Ultrasound-driven microbubbles are attractive for a variety of applications in medicine, including real-time organ perfusion imaging and targeted molecular imaging. In ultrasound-mediated drug delivery, bubbles decorated with a functional payload become convenient transport vehicles and offer highly localized release. How to efficiently release and transport these nanomedicines to the target site remains unclear owing to the microscopic length scales and nanoseconds timescales of the process. Here, we show theoretically how non-spherical bubble oscillations lead first to local oversaturation, thereby inducing payload release, and then to microstreaming generation that initiates transport.

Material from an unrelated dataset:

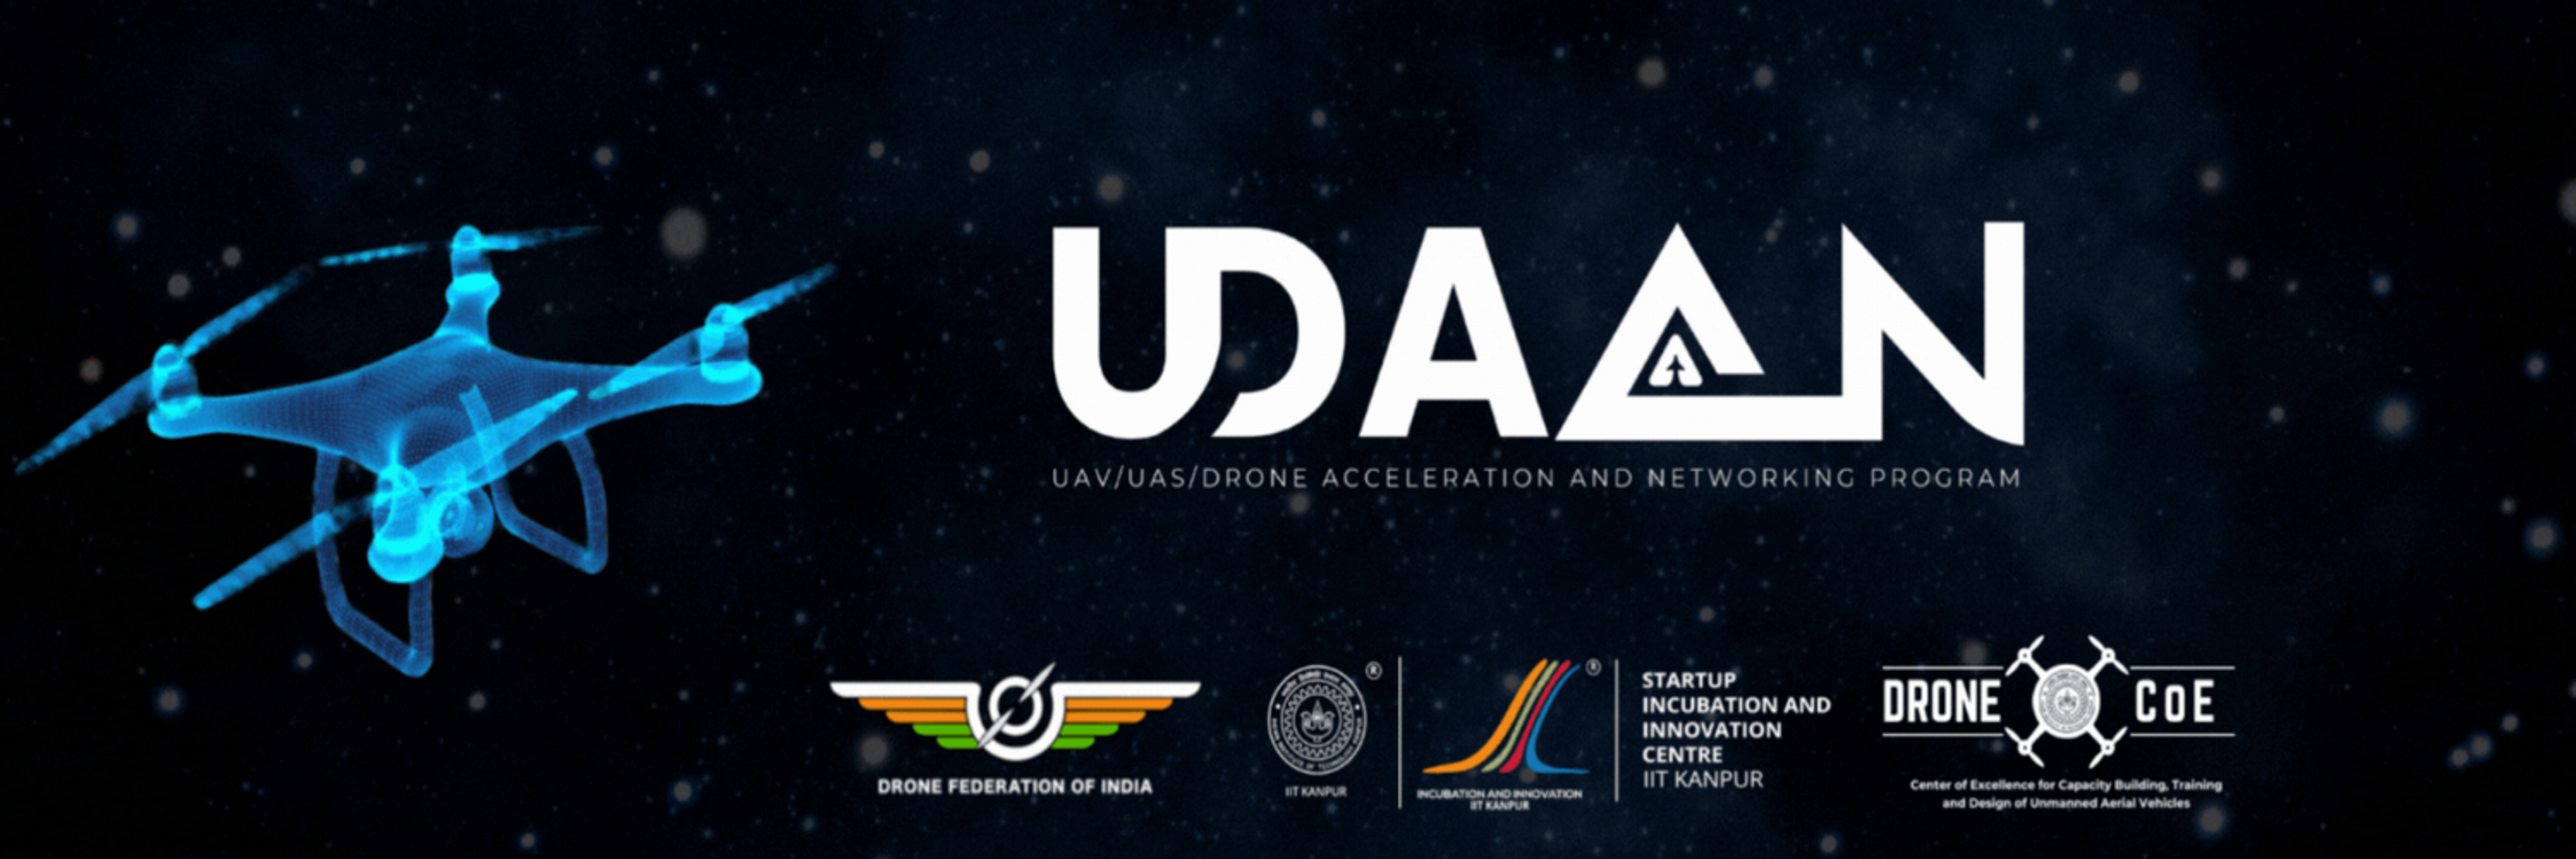 The image is a promotional banner for the UDAAN program, which stands for UAV/UAS/Drone Acceleration and Networking. It features a central graphic of a glowing, blue holographic drone set against a dark, starry sky background. On the right, the program name "UDAAN" is prominently displayed in large white letters. Below the program name, various logos are arranged, representing the program's key partners and supporters: the Drone Federation of India, IIT Kanpur, the Startup Incubation and Innovation Centre at IIT Kanpur, and the Centre of Excellence for Capacity Building, Training, and Design of Unmanned Aerial Vehicles. This banner effectively communicates the technological and collaborative essence of the UDAAN program.

Experimental validation is achieved through ultra-high-speed imaging in an unconventional side-view at tens of nanoseconds timescales combined with high-speed fluorescence imaging to track the release of the payload. Transport distance and intrinsic bubble behavior are quantified and agree well with the model. These results will allow for optimizing the therapeutic use of targeted microbubbles for precision medicine.
Original languageEnglish
Article number22
Number of pages9
JournalCommunications Physics
Volume1
DOIs
Publication statusPublished - 31 May 2018

Cite this

Lajoinie, Guillaume ; Luan, Ying ; Gelderblom, Erik ; Dollet, Benjamin ; Mastik, Frits ; Dewitte, Heleen ; Lentacker, Ine ; de Jong, Nico ; Versluis, Michel. / Non-spherical oscillations drive the ultrasound-mediated release from targeted microbubbles. In: Communications Physics. 2018 ; Vol. 1.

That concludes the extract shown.